Horn in hand and still a teenager, by 1956 Masekela was already a regular in Johannesburg jazz and dance bands performing in cities across the country, and by 19, he was a member of the pit orchestra for the country’s great hit show, King Kong, the musical composed by Todd Matshikiza. King Kong told the story of the rise and fall of a local boxer Ezekiel “King Kong” Dlamini and it became a legendary show, combining the talents of black and white South Africans in putting it together, despite the restrictions of apartheid.
Upon his passing, the New York Times wrote of Masekela after his first successes,
“The next year he joined Abdullah Ibrahim (then known as Dollar Brand) and four other upstart instrumentalists in the Jazz Epistles, South Africa’s first bebop band of note. With a heavy, driving pulse and warm, arcing melodies, their music was distinctly South African, even as its swing rhythms and flittering improvisations reflected affinities with American jazz. ‘There had never been a group like the Epistles in South Africa,’ Mr. Masekela said in his 2004 autobiography, Still Grazing: The Musical Journey of Hugh Masekela, written with D. Michael Cheers. ‘Our tireless energy, complex arrangements, tight ensemble play, languid slow ballads and heart-melting, hymn-like dirges won us a following, and soon we were breaking all attendance records in Cape Town.’ ”
But King Kong also took the cast and orchestra to London on what was supposed to be a much larger international tour.
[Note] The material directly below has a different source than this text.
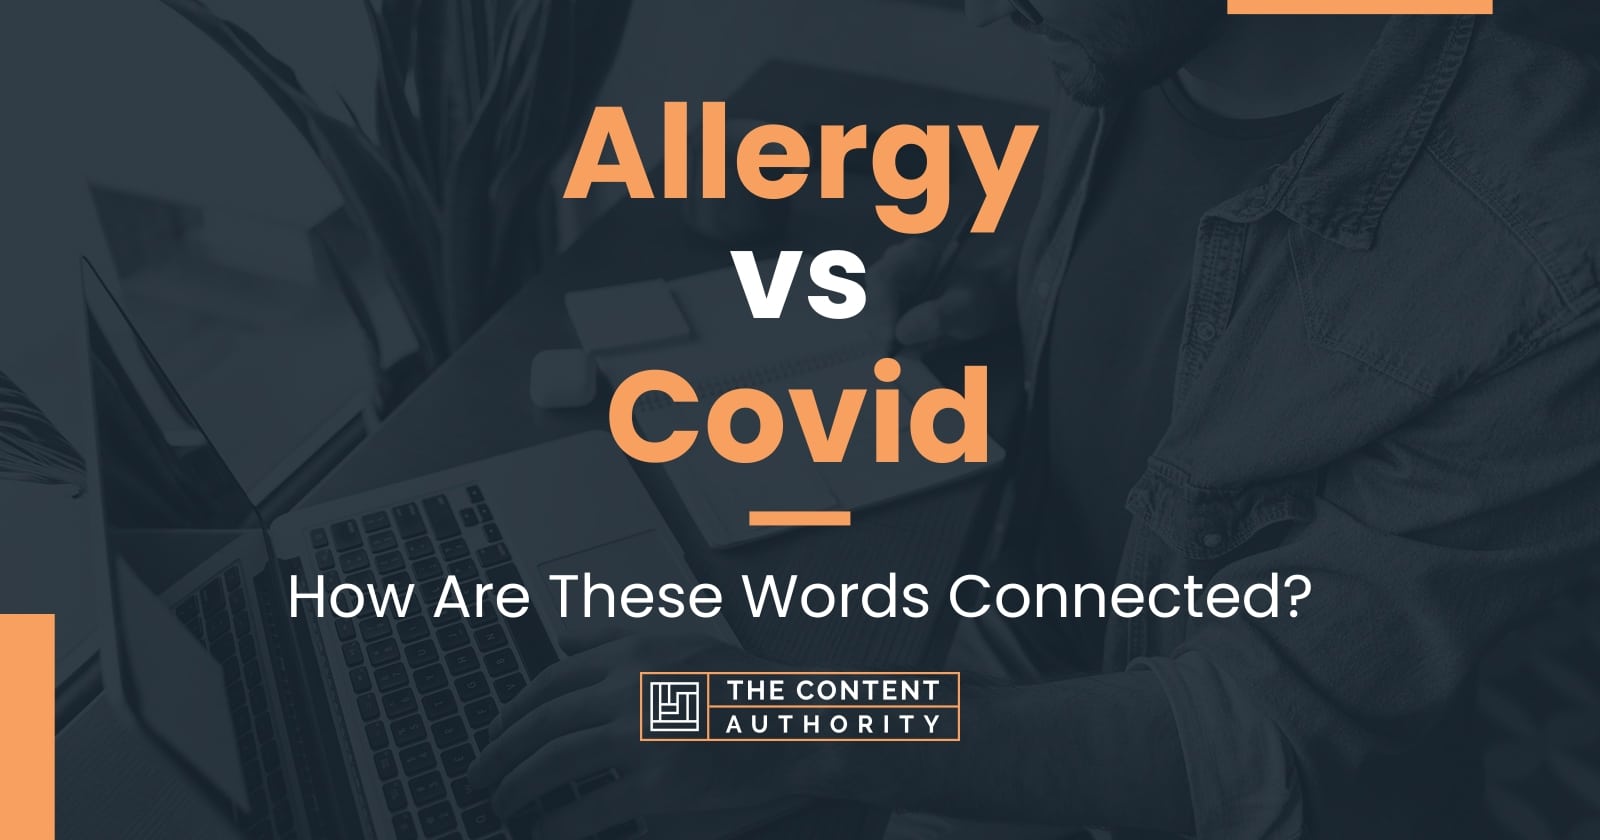 Allergy vs Covid: How Are These Words Connected?

Successful in London, it never moved to Broadway, but many of the cast and musicians decided not to return to South Africa, including Jonas Gwangwa, Abdullah Ibrahim, Miriam Makeba – and the young Hugh Masekela. Masekela promptly enrolled in the Guildhall School of Music, but it was not a good fit. Instead, he gained admission to the Manhattan School of Music in New York City under the encouragement of singer Harry Belafonte where he studied classical trumpet and roamed the clubs of a city that was near the peak of its time for progressive jazz, listening to the likes of Miles Davis and John Coltrane, among others. Eager to become a jazz performer in that idiom, he got advice from the likes of Davis to draw upon his own musical heritage and make that music his own instead. (During that period, he was married to Miriam Makeba for several years and although the marriage did not last, their friendship and musical collaboration did.)
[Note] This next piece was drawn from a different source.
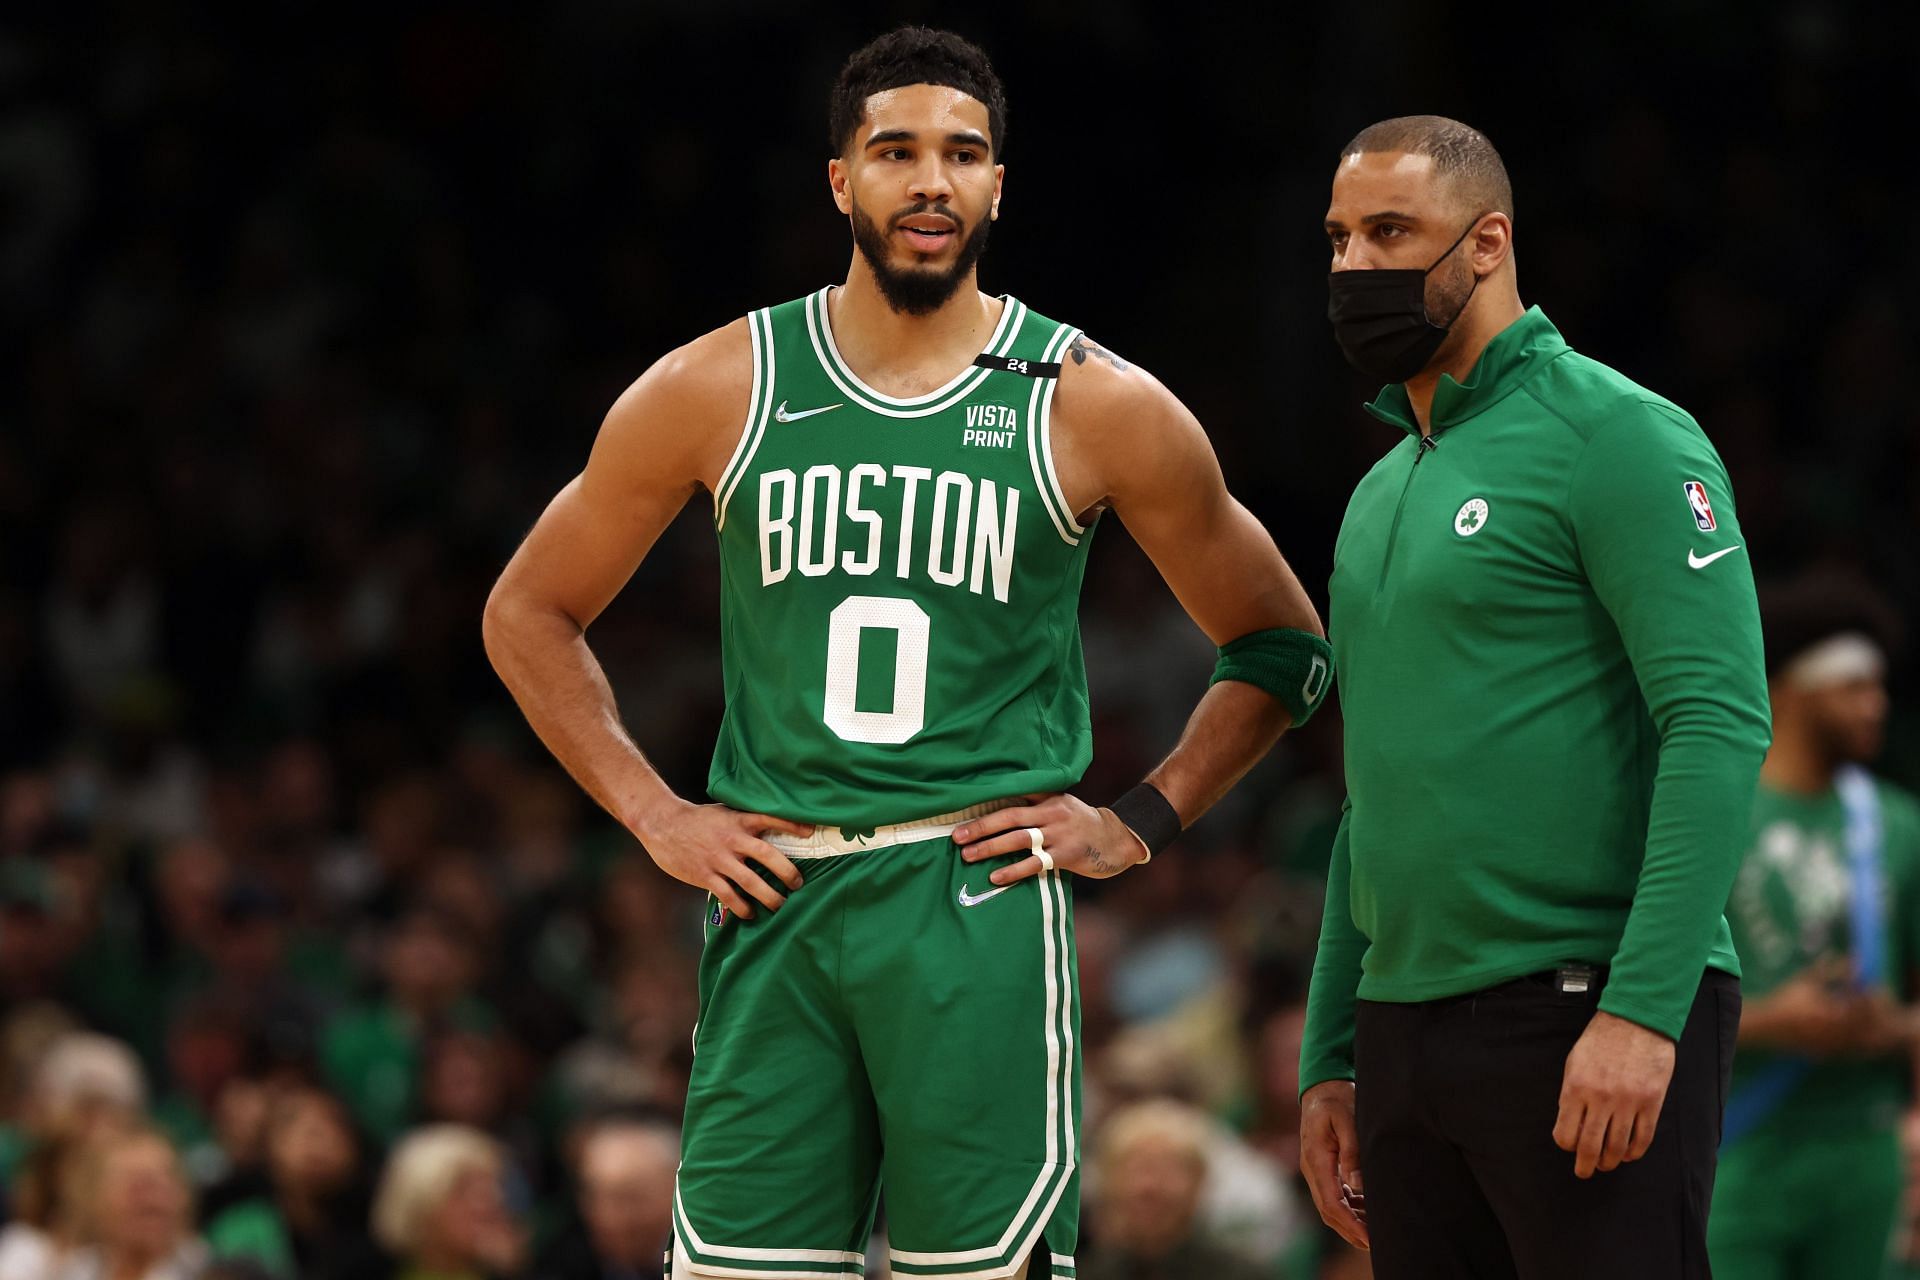 Boston Celtics head coach Ime Udoka talks with Jayson Tatum #0 during the first quarter of Game Two of the Eastern Conference Semifinals against the Milwaukee Bucks at TD Garden on May 03, 2022 in Boston, Massachusetts.

By the time my wife and I had returned to South Africa in 1989, it was becoming clear that apartheid was a dying ideology and musicians and other expatriated performers were beginning to figure out how to manage their respective returns to South Africa after long periods of exile. One afternoon, I received a phone call in our office in Pretoria – I never caught the actual name of the caller – and he told us we had to present ourselves at Kippies that night. That was it. By this time in the unravelling of apartheid, that could have meant almost anything, and so, curiosity aroused, we drove to Johannesburg to enter the city’s best known jazz club in Newtown, close to the Market Theatre. It was packed with people and most of those faces were rather well known members of the country’s black music elite or black political figures with a love for jazz.
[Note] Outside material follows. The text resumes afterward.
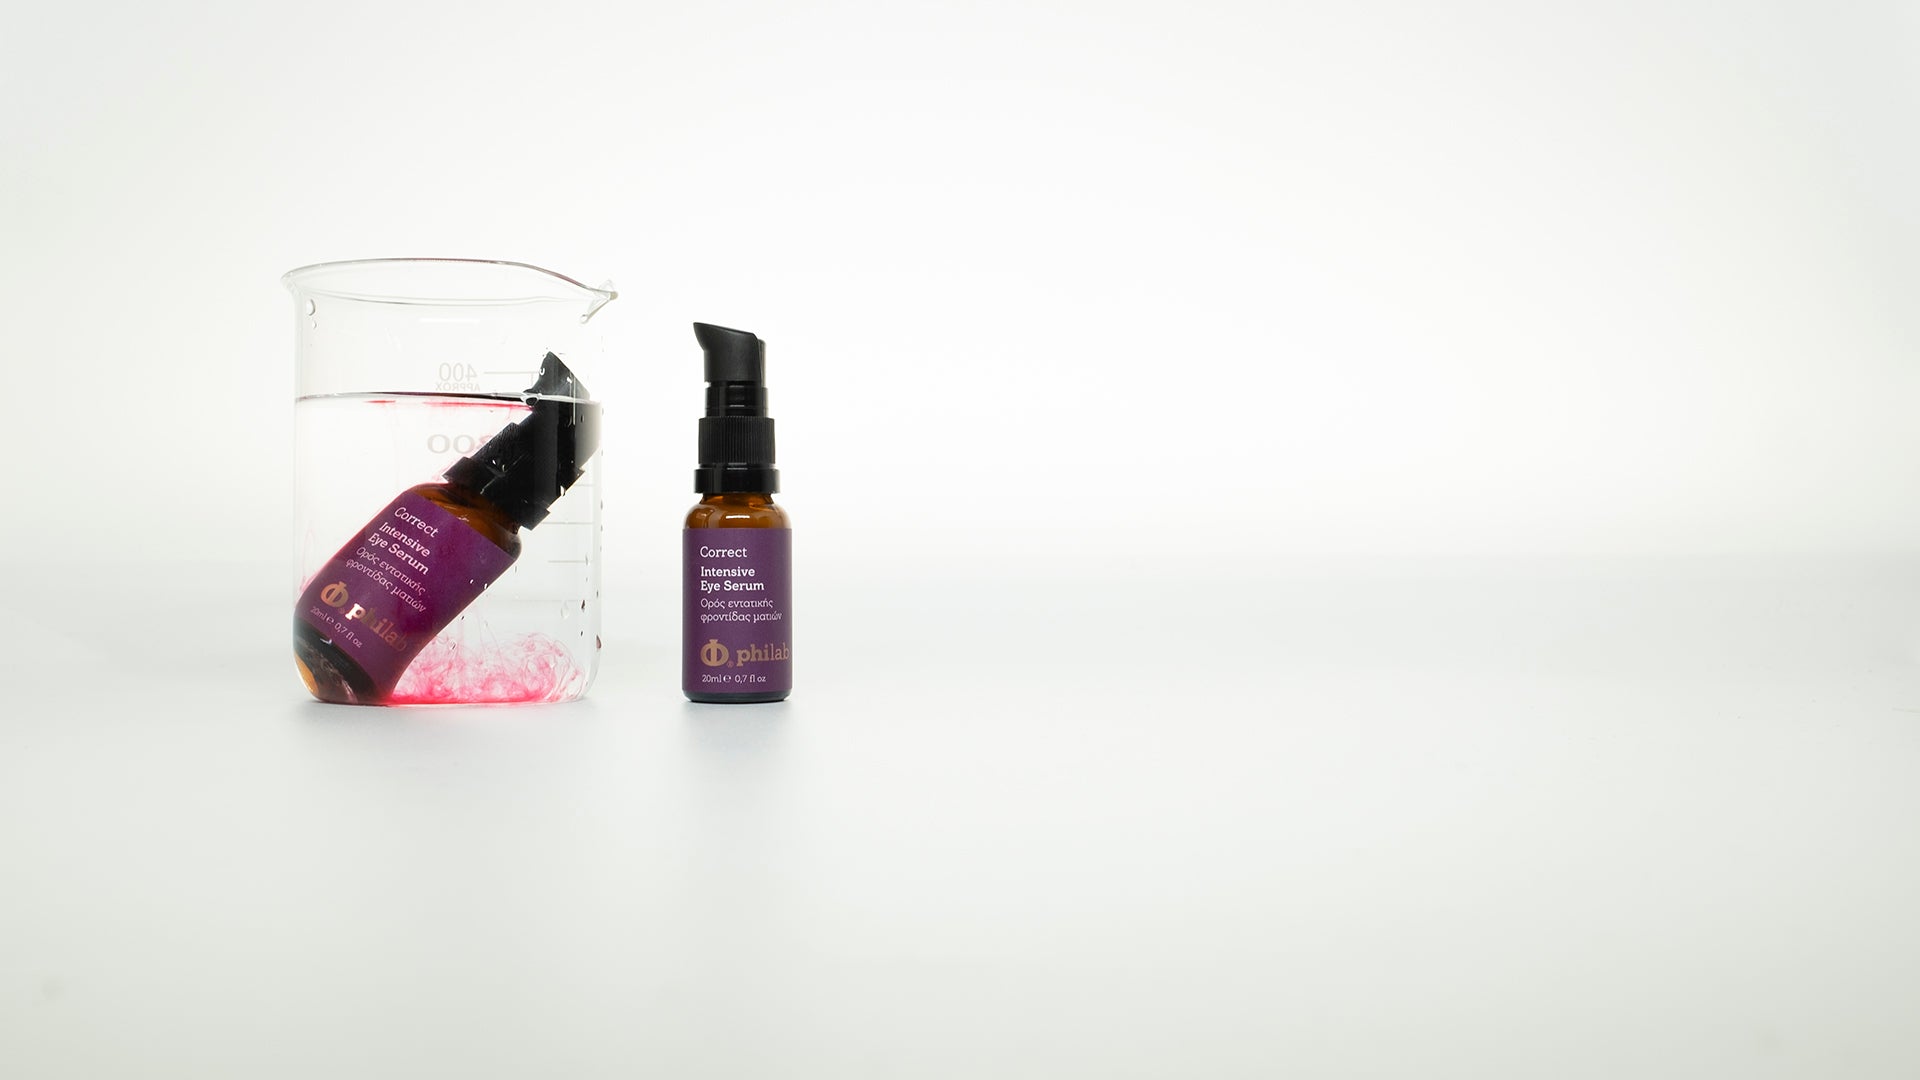 Two Philab skincare Intensive Eye Serums beside a beaker with dissolved pink contents, against a white backdrop.

The first set was well played by some local folks, but there was nothing earth-shaking about it. Then, as the musicians took their respective seats after the break, a short-ish, solidly built man carrying a trumpet case strode into the venue, opened up that instrument case and pulled out a horn and did a few rituals to get ready, and then just played. And played. And the crowd exploded at the sounds from a musical hero – finally returned home from a far distant place. Without any publicity or public warning, it was Hugh Masekela’s first public gig in South Africa after three decades abroad.
Years later, when we returned to South Africa for a third assignment and then retirement here, we became better acquainted with him. By then he had shaken off alcohol and substance abuse problems that had dogged him for decades; he had moved to a home out in Bryanston where he began gardens of vegetables and fruit trees and took up, of all things, the oriental exercise routine of tai-chi to keep him limber and ready for the rigours of live performance. My wife was teaching in a school nearby Masekela’s home and she remembers seeing him taking long walks through the neighbourhood.
In 2010 and ’11, he was a major part of the very successful Market Theatre production, Songs of Migration – both in Johannesburg and internationally. About Masekela’s contribution, Market Theatre artistic director James Ngcobo said, “Bra Hugh was many things to a whole lot of people who interacted with him, he was a mentor who loved nothing but sharing his passion of storytelling and heritage. The whole company that was involved in the creation of Songs of Migration would echo these words and say that around him they had clarity, guidance and a deep sense of memory.”
Songs of Migration recounted the music that so many people had brought with them to Johannesburg from throughout South and southern Africa as they came to work on the mines, as well as the music of immigrant groups from Europe at the end of the 19th and beginning of the 20th centuries. Paired up with renowned singer Sibongile Khumalo, as well as back-up singers and a full on-stage band, it was still Hugh Masekela who brought down the house with his horn playing, his singing, his dancing (!) and his storytelling. And it was his song, Stimela – once again with the cowbells and his gravelly, rasping voice – that told of the tribulations of so many men forced into mine work to feed families, but only if they left their homes.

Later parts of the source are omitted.